How to realize template class type in template function?

Question

I want to design a print function for STL container, include: std::vector, std::map, std::unodered_map, std::set, std::unordered_set, std::list ....

The ideal function looks like:

template<typename T>
void Show(const T& t)
{
    if (istype(t, std::vector)) 
    {  
        // here is a presudo code
        // print vector
        for (auto i: t) cout << i << endl;
    } 
    else if (istype(t, std::unordered_map)) 
    {
        // print unordered_map
    } 
    else 
    {  }
}

I think the problem happens on istype()

I know there is some function like std::is_same can do this.

But it seems it just can operate on int or float, cant be operated on std::vector, can you help on this?

Answer 1

But it seems it just can operate on int or float, cant be operated on std::vector, can you help on this?

For template classes like stranded containers, you need to specify the template argument to get the concrete type and thereafter you can compare usingstd::is_same.
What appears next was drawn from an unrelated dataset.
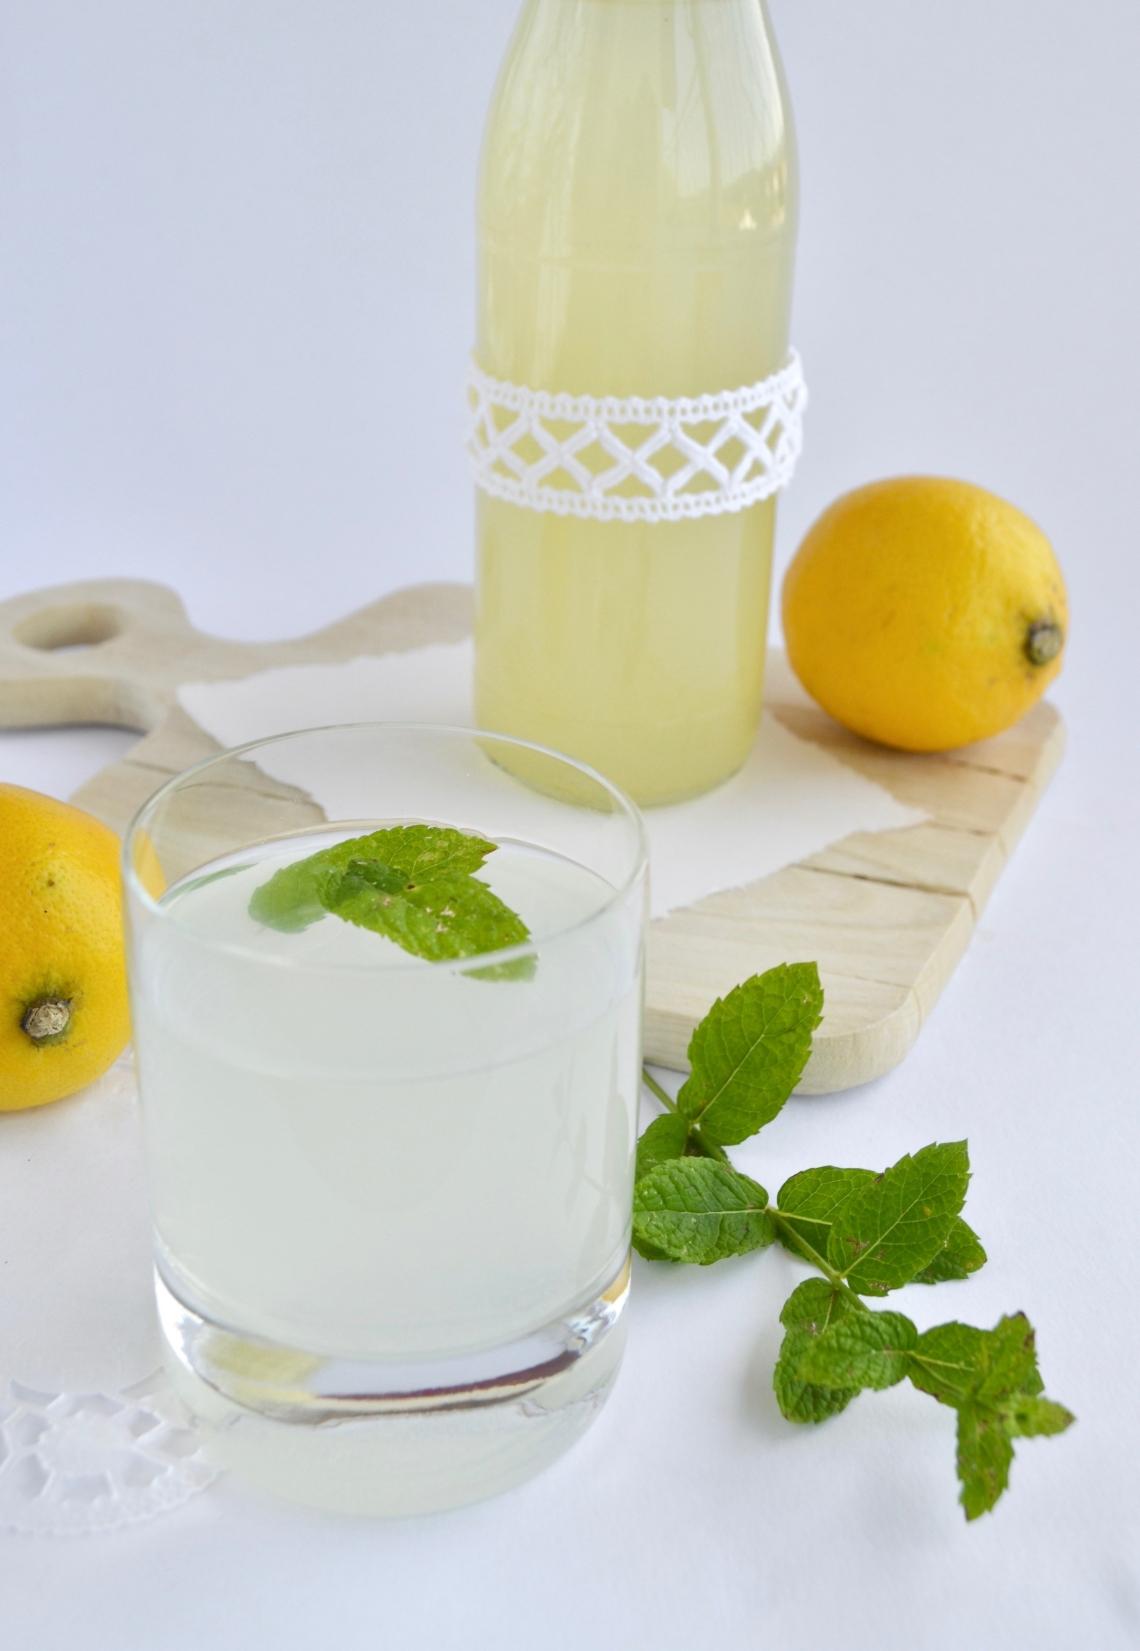 Zitronen-Minz-Sirup

That means something like std::is_same_v<T, std::vector<int>> or std::is_same_v<T, std::vector<float>>, etc... will work.

On the other side, you need to see whether the passed container is a specialization for the standard container. There you need your own std::is_same_v like type traits.

One possible implementation will look like as follows. Also note that you need to use the if constexpr (since c++17) instead of normal if for compile time branching. If no access to c++17, you need to use SFINAE.

(See a Demo)

#include <iostream>
#include <type_traits> // std::false_type, std::true_type
#include <vector>
#include <list>
#include <string>
#include <map>

template<typename Type, template<typename...> class Args>
struct is_specialization final : std::false_type {};

template<template<typename...> class Type, typename... Args>
struct is_specialization<Type<Args...>, Type> : std::true_type {};


template<typename ContainerType>
constexpr void show(const ContainerType& container) noexcept
{
    if constexpr (is_specialization<ContainerType, std::vector>::value
                || is_specialization<ContainerType, std::list>::value)
    {  
        for (const auto ele : container)
            std::cout << ele << '\t';
        std::cout << '\n';
    }
    else if constexpr (is_specialization<ContainerType, std::map>::value)
    {
        for (const auto& [key, value]: container)
            std::cout << key << " " << value << '\t';
        std::cout << '\n';
    }
    // ... so on!
}

int main()
{
    std::vector<int> vec{ 1, 2, 3 };
    show(vec);

    std::list<int> list{ 11, 22, 33 };
    show(list);

    std::map<int, std::string> mp{ {1, "string1"}, {2, "string2"}, {3, "string3"} };
    show(mp);
}

Answer 2

Common feature of all STL containers is that they are iterable in range [begin(),end()). For sequence containers you have to handle printing T as value_type, for (Unordered) associative containers printing std::pair<const Key, T> as value_type must be handled. That is all. I don't see any reasons to checking type of passed container in your implemention.

template<class T>
void Print(const T& val) {
    std::cout << val;
}

template<class Key, class Value>
void Print(const std::pair<const Key,Value>& p) {
    Print(p.first);
    std::cout << " - ";
    Print(p.second);
}

template<class Cont>
void PrintCont(const Cont& cont) {
    std::cout << std::endl;
    for (auto it = cont.begin(); it != cont.end(); ++it) {
        Print(*it);
        std::cout << " ";
    }
    std::cout << std::endl;
}

    std::array<int,2> a{1,2};
    std::vector<int> v{1,2,3};
    std::list<double> l{2., 3., 5.4};
    std::map<int,double> m{ {1,2.},{10,3.14} };
    std::multimap<int,int> m2{ {2,3},{4,5} };
    std::set<float> s{1.f, 23.f, 2.f};
    std::unordered_map<int,Foo> m3{ {1,Foo(1)}, {2,Foo(2)}, {3,Foo(3)}}; 
    PrintCont(a);
    PrintCont(v);
    PrintCont(l);
    PrintCont(m);
    PrintCont(a);
    PrintCont(s);
    PrintCont(m2);
    PrintCont(m3);

Live demo